At the same time, Chaves has become a close ally of the US president. Last month, he agreed that Costa Rica would receive up to 25 deported migrants a week from the US. Chaves also participated in Trump’s Shield of the Americas summit and closed the Costa Rican embassy in Havana.

Now, the ties between the two governments appear to have led to La Nación’s board members being barred from entering the US.

“This is completely unprecedented,” Pedro Abreu, the president of the board of La Nación, said via email. “We see it as an indirect attack on press freedom because of the effect it can have on an independent media outlet and on those who have the institutional responsibility to protect it.”

Abreu said five of the paper’s seven board members had had their visas revoked, while the other two held passports from countries that do not require a visa to enter the US.

Analysts say the move by Washington could have an immediate chilling effect in Costa Rica. “It’s extremely serious,” said Felipe Alpízar, the coordinator of the Observatory of American Politics at the University of Costa Rica. “It’s the United States eroding the foundations of political discussion in Costa Rica, of freedom of expression, of freedom of the press.”

The state department did not immediately respond to a request for comment.

The members of La Nacion’s board are just the latest in a long list of Costa Ricans targeted by Washington. Mauricio Herrera, a former Costa Rican communications minister, said: “This didn’t happen in a vacuum; there’s a persistent pattern. There’ve been a number of individuals whose visas have been revoked because they are political opponents or critics of the government.”

Among them is Óscar Arias, twice president of Costa Rica and a Nobel peace prize laureate.
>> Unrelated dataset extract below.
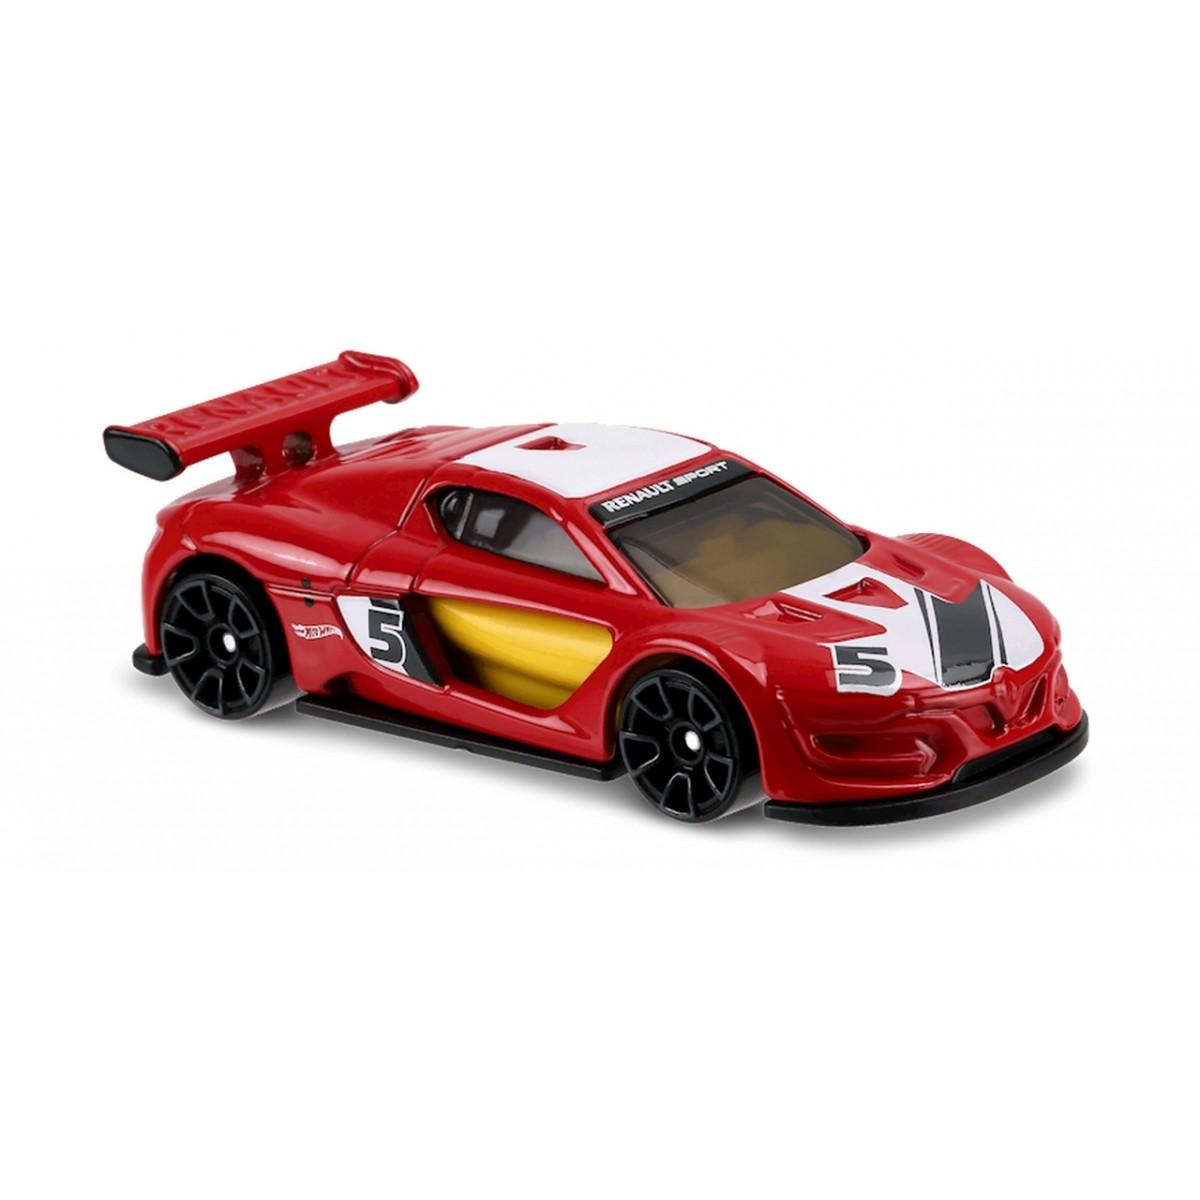 Carrinho Hot Wheels: Renault Sport R.S. 01 Vermelho
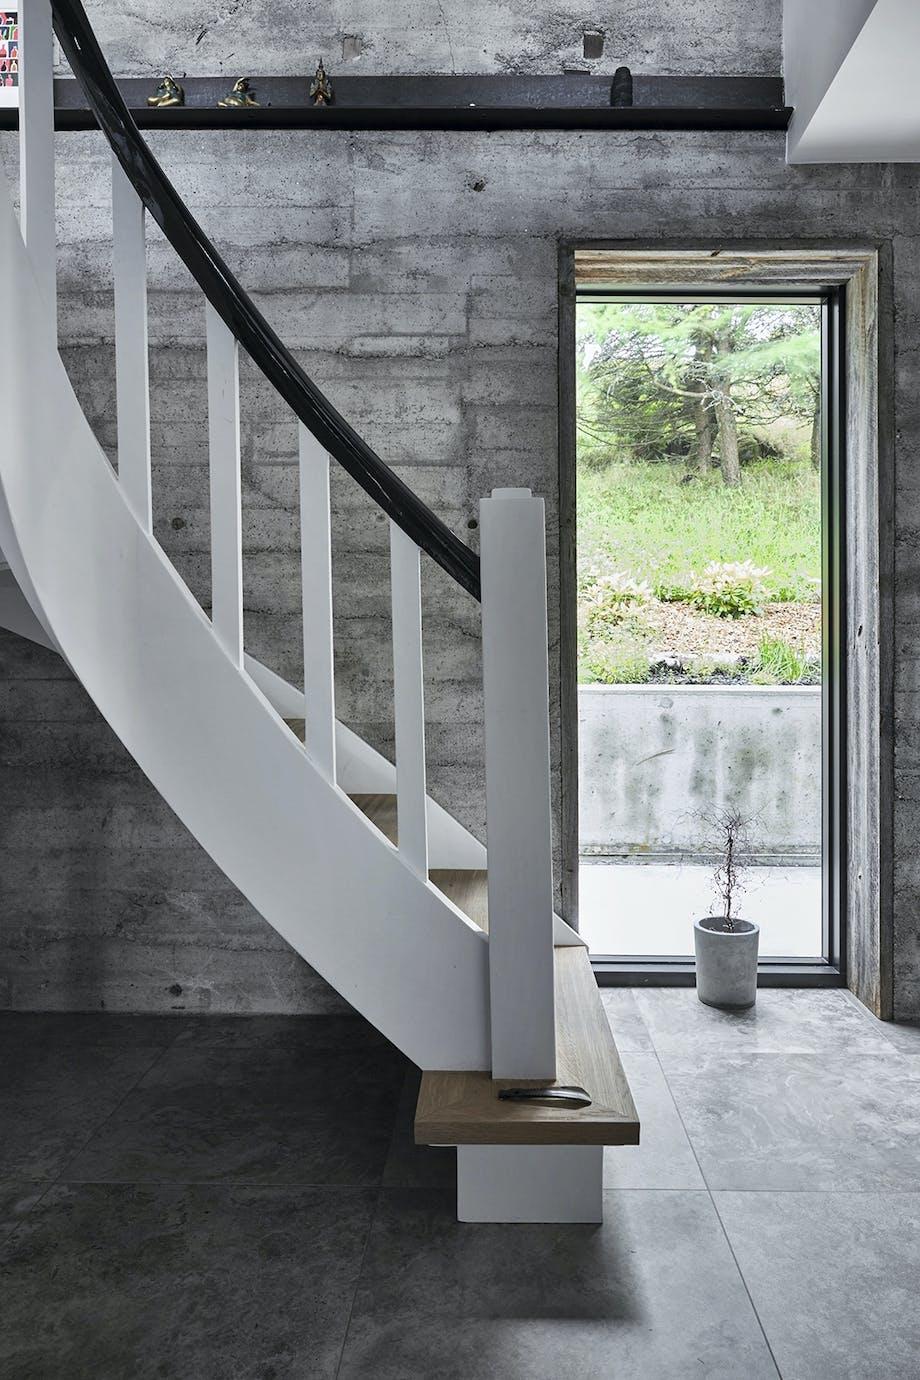 Hvid trappe, færørene

Washington also banned Arias’s brother, Rodrigo, the president of the legislative assembly and a supreme court justice.

The visa restrictions began not long after the US secretary of state, Marco Rubio, visited Costa Rica last year and praised Chaves for a decree that in effect barred Chinese companies from Costa Rica’s 5G network rollout.

Rubio told Chaves: “We’re going to try to work in cooperation with you. To impose costs on those within the country who use their positions of authority to undermine the interests of the people of Costa Rica.”

Weeks later, opposition members who had criticised Chaves’s decree found their visas revoked.

Chaves will step down later this week and be replaced by his handpicked successor, Laura Fernández. Analysts fear attacks against the opposition will only increase under her presidency.

Herrera said: “My fear is that in the near future they will revoke visas of opposition members of parliament and the rectors of public universities. I would like to think that this is going to stop, but nothing indicates that it will.”